Just as an intellectual exercise, what might an argument in favour of a bid by Standard for Investec be? Or any other bank merger in South Africa, for that matter.

It would not be a conventional banking consolidation story. It is, at best, a selective and strategic argument about capabilities, culture and a market context where organic growth has become increasingly difficult.

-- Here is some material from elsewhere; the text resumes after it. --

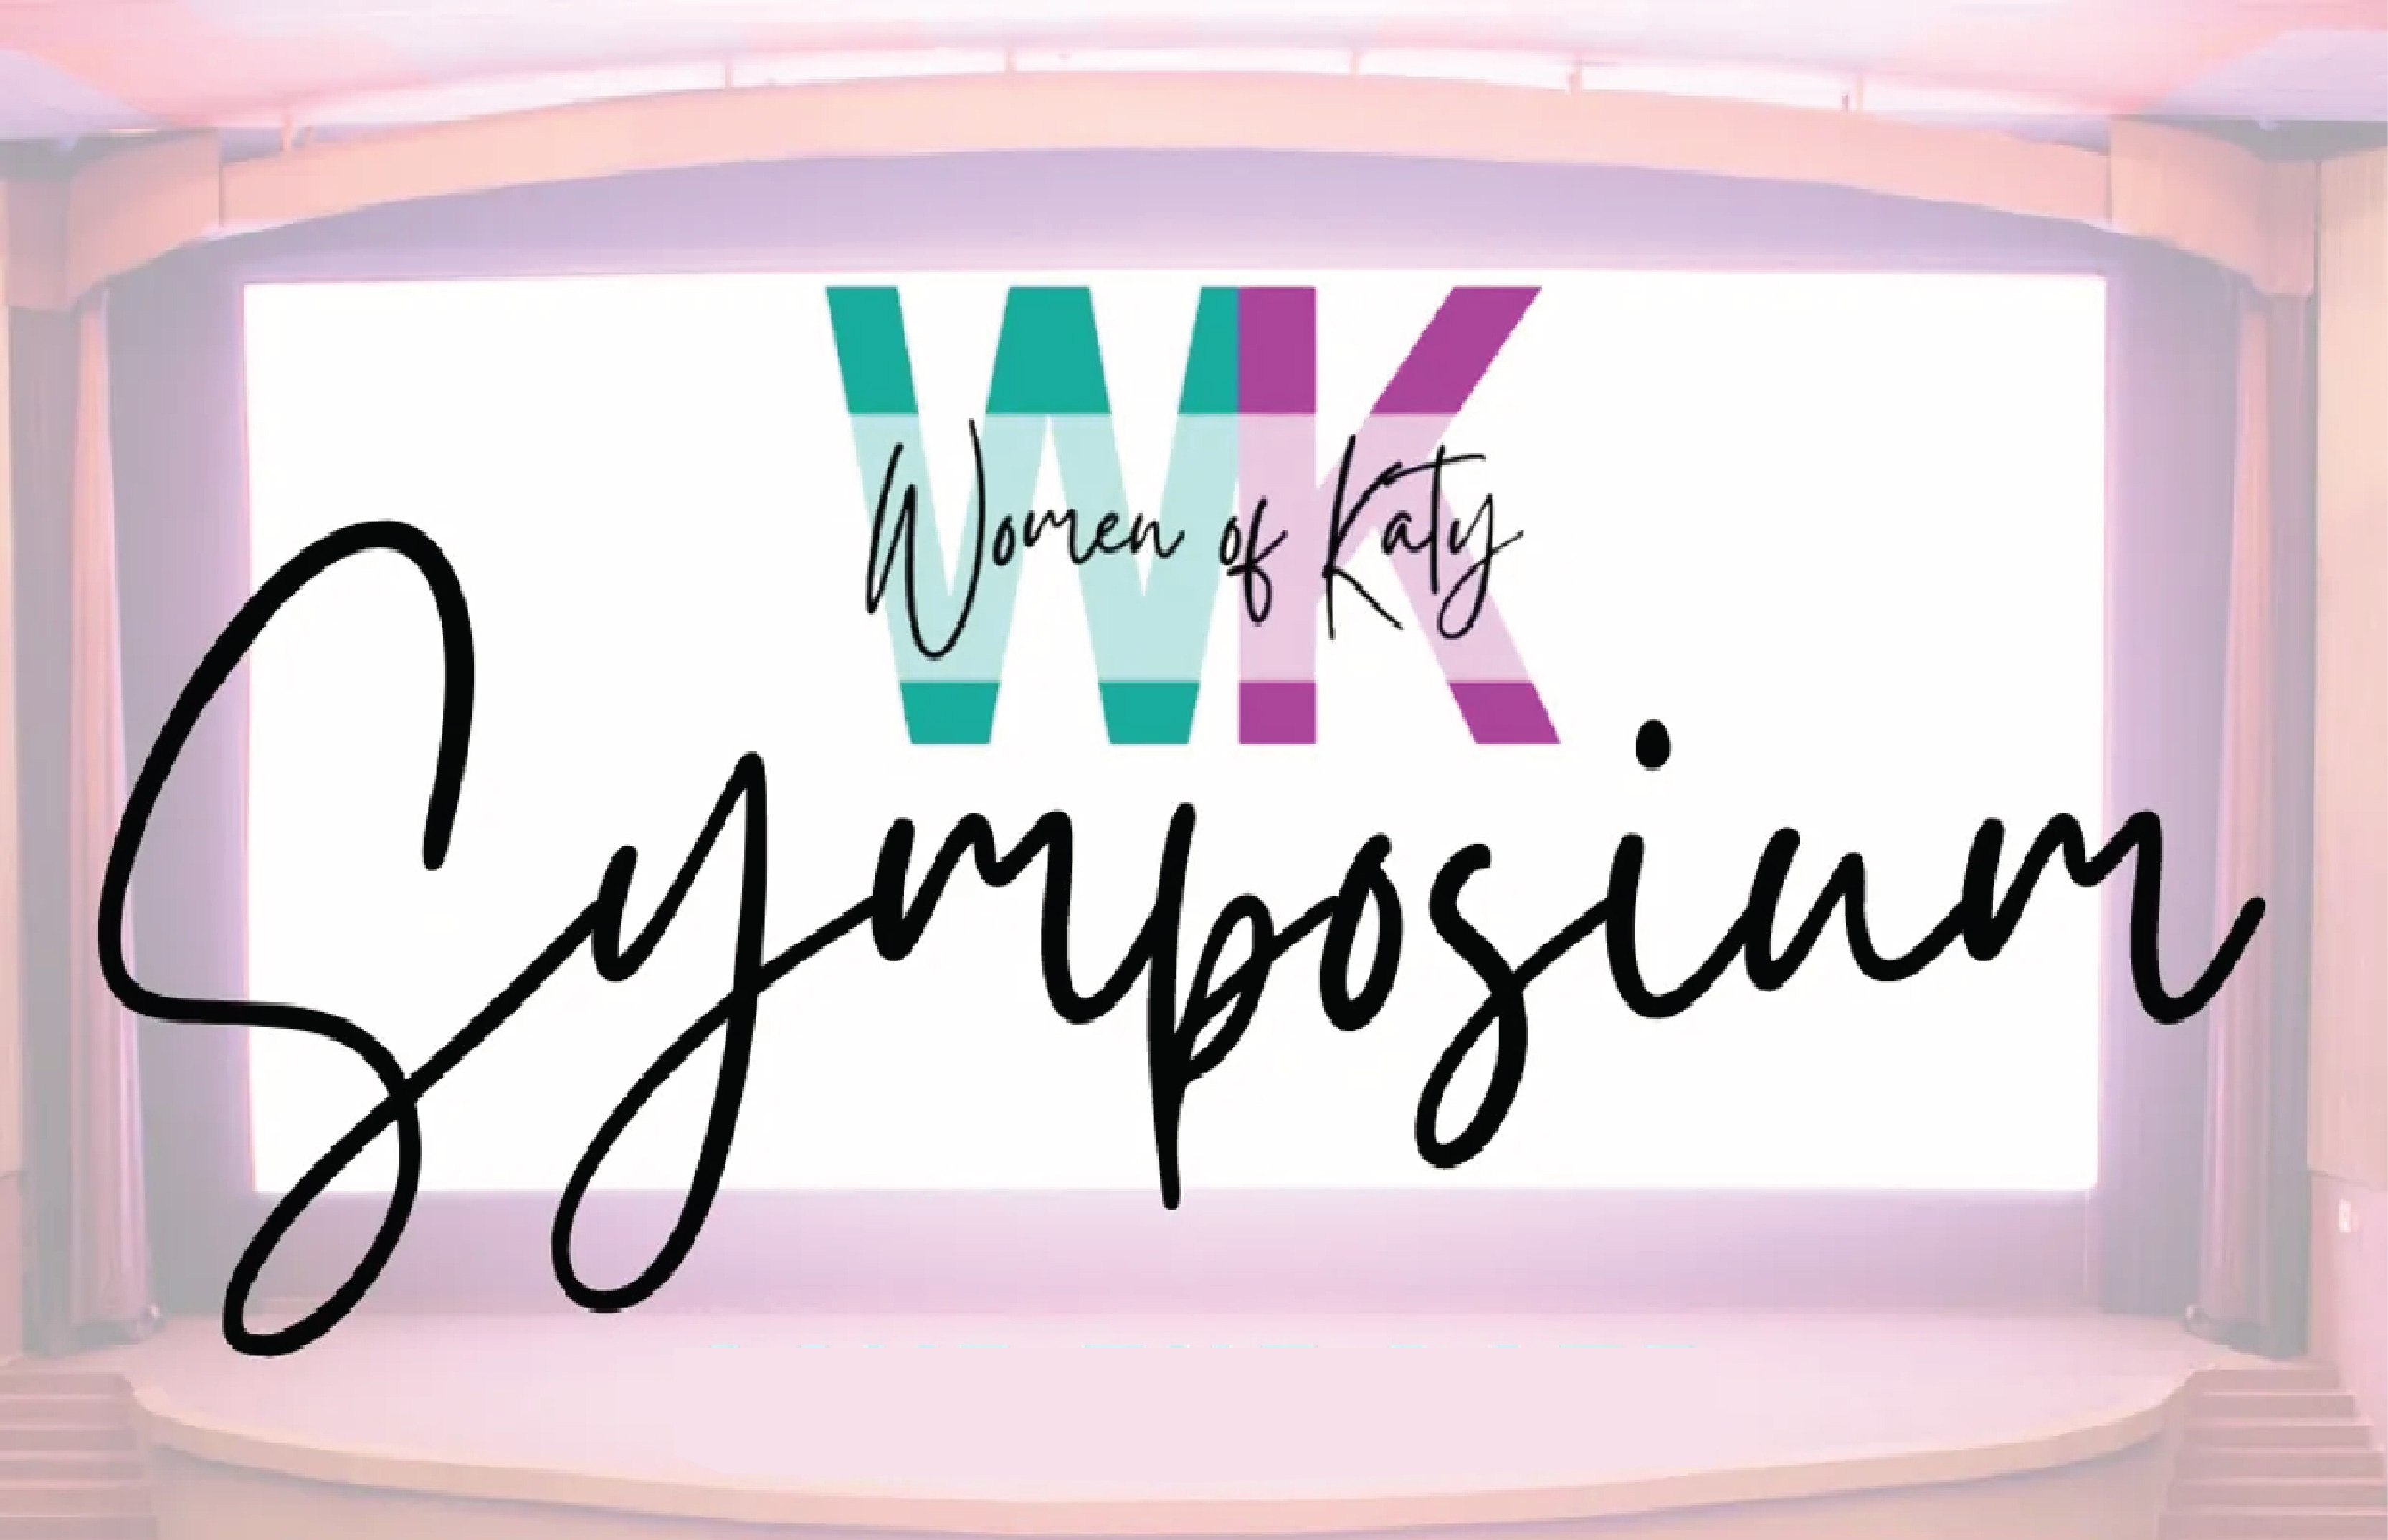 Women of Katy Symposium: Empowering Women in Business and Community

Standard Bank already dominates the areas where scale matters: corporate lending, transaction banking and African investment banking. What it lacks, structurally, is exactly where Investec is strongest — high-touch private banking, entrepreneurial clients, advisory-led relationships and integrated wealth management. Investec offers something that cannot easily be replicated: a deeply embedded culture of decentralised decision-making and long-term client trust. In this view, a bid would be a way for Standard to buy time, rather than spend decades attempting to grow similar capabilities from scratch.

Juicy targets

And there is another thing: Investec is right now pretty cheap, trading at 8.63 times annual earnings, even after a respectable 12% rise in its share price over the past year. Standard trades at around 11 times annual earnings, FirstRand at 12 and Absa at 9. That makes Investec something of a juicy target.

In some senses, the same logic applies to an acquisition of Investec by FirstRand, but it’s noteworthy that neither would be synergistic mergers that might be rooted in increasing efficiency.

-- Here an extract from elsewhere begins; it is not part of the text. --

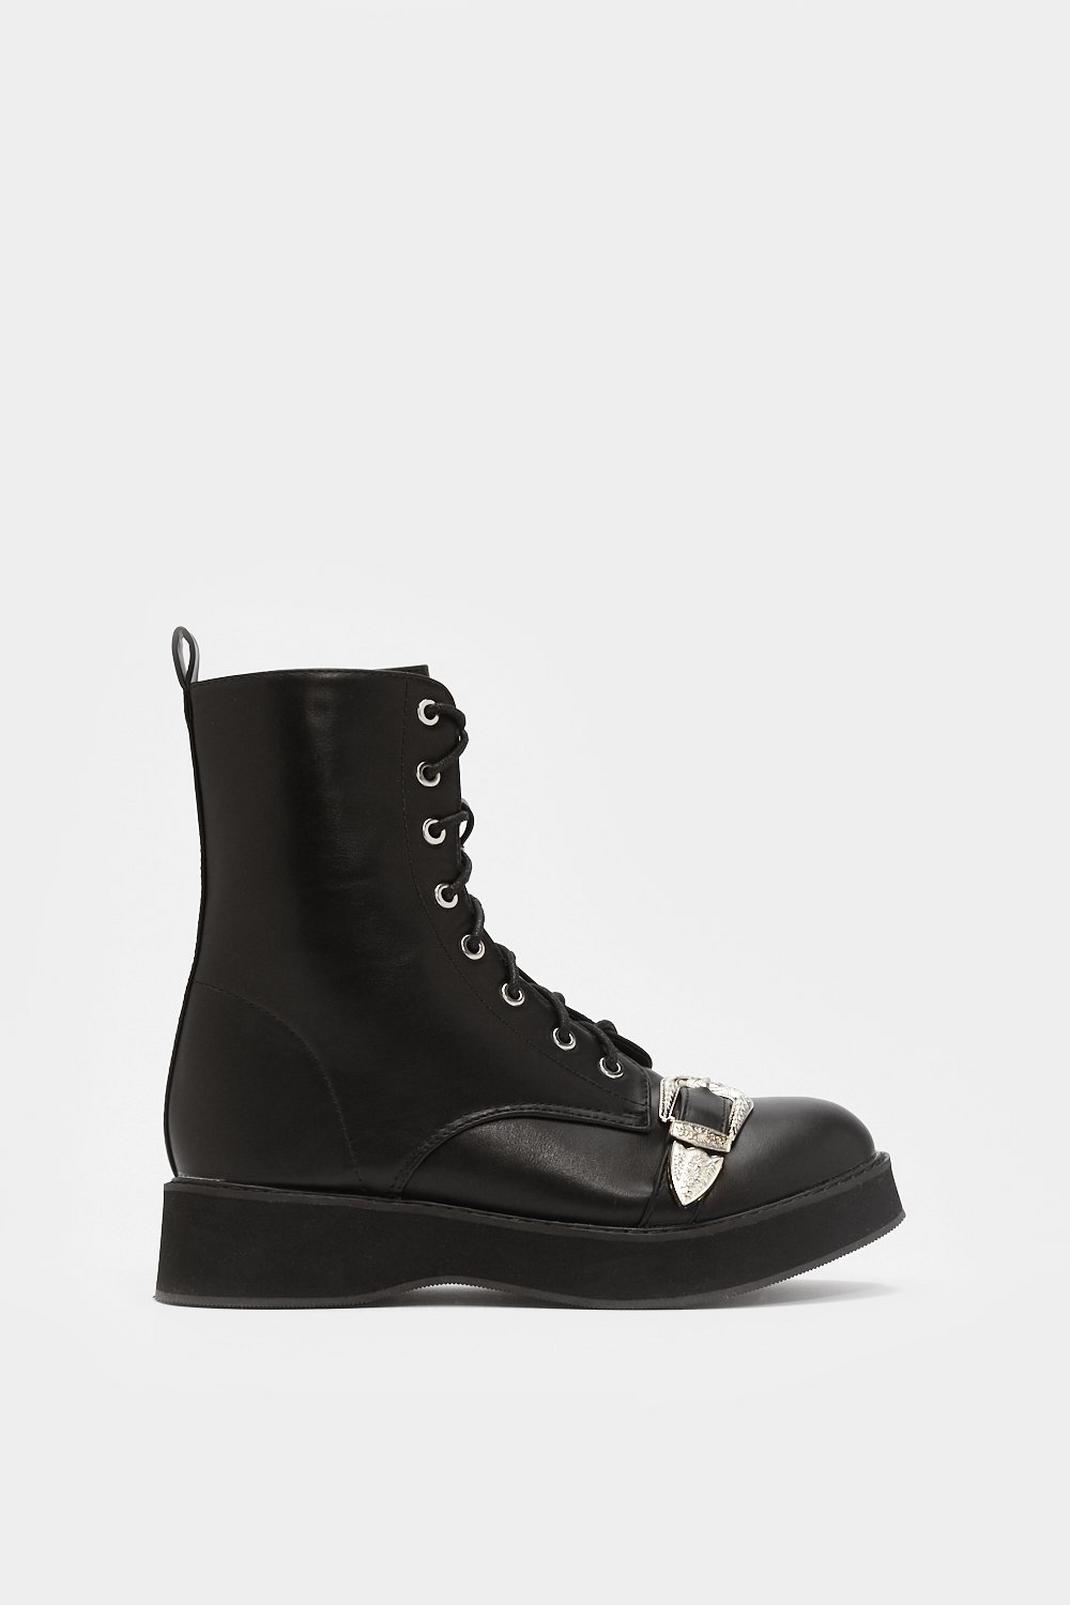 Don't Buckle Around Lace-Up Boot | Nasty Gal

And there is another thing: the regulatory mechanics. South African banks can own stakes in other banks, but the capital treatment makes it deeply unattractive unless control is the objective.

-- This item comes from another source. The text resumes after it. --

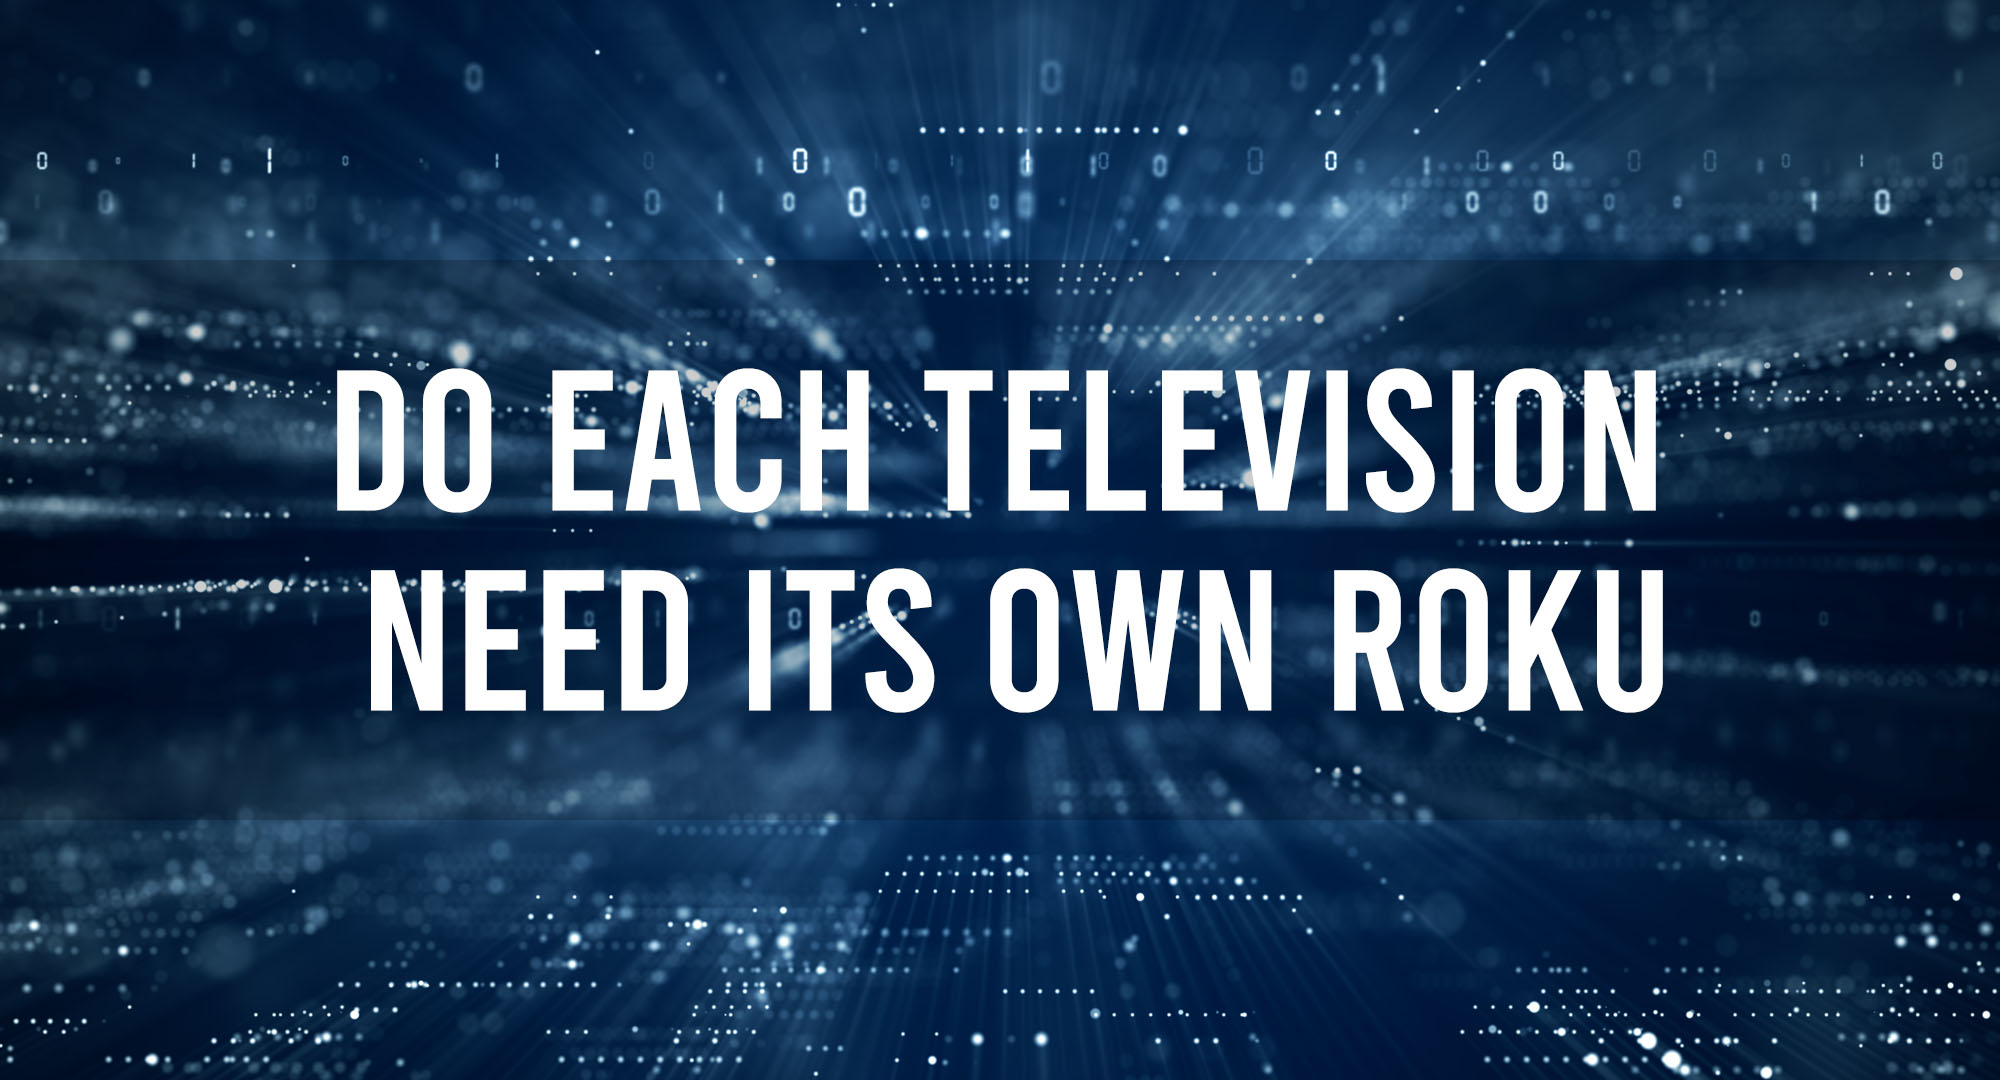 Do each televison need its own roku

“A lower stake still loads you with capital as if you owned 100%,” Kooyman explains. “And then the problem is you haven’t got control.”

That dynamic was one of the reasons Barclays ultimately exited Absa years ago: partial ownership, full capital pain. The same logic applies today. Which is why Kooyman is sceptical that Standard Bank — or any of the big local players — would seriously contemplate buying Investec outright.

“To merge Standard Bank with Investec would be a nightmare,” he says flatly. “If Standard Bank announced an acquisition of Investec, the price would fall 10% to 15% immediately.” Culture clash, integration risk, union resistance, competition scrutiny — all would overwhelm any theoretical synergy, and there is not a lot of that.

Which makes Nedbank’s audacious hostile takeover attempt of its bigger rival Standard, back in 1999, seem all the more ballsy today. Readers with long memories will remember Trevor Manuel, the then-finance minister, eventually shot the attempt down in 2000, and that was that. 

Internationally, minority stakes between banks are not unusual, particularly where learning, market entry or optionality is the goal.

Ringside seats to the plumbing

“Japanese banks have been acquiring stakes in banks and insurers,” he notes. “BBVA bought a stake in a US bank. Capitec bought 20% of a banking holding company in Eastern Europe, which later led to full control. In those cases, the stake buys more than financial exposure. You get a ringside seat — board exposure, regulatory insight, understanding systems. It actually pays for itself,” says Kooyman.

Closer to home, he points out that Nedbank has just submitted an offer to buy 66% of NCBA Group PLC, one of East Africa’s leading financial services groups, for around R13.9bn.

The dynamic is whether in SA, the explanation for why Standard’s clients have built up such a large stake in Investec – and Nedbank as it happens – is more mundane — and more structural.

“The JSE has become very small, and banks have become very big market-cap stocks,” Kooyman says. “For a large pension fund, it’s almost impossible not to have 20% to 25% of your portfolio in banks and insurers. Very quickly, that turns into 3%, 4%, 5% stakes.”

Standard’s holding of Nedbank comes to just under 5%, according to a sens that the bank issued this week. Nedbank is even cheaper than Investec, trading on a pe of about 7.6.

The timing of the disclosure and the speculation it (briefly) fuelled has happened for a reason. Globally, banking M&A — dormant for much of the post-crisis decade — is stirring again.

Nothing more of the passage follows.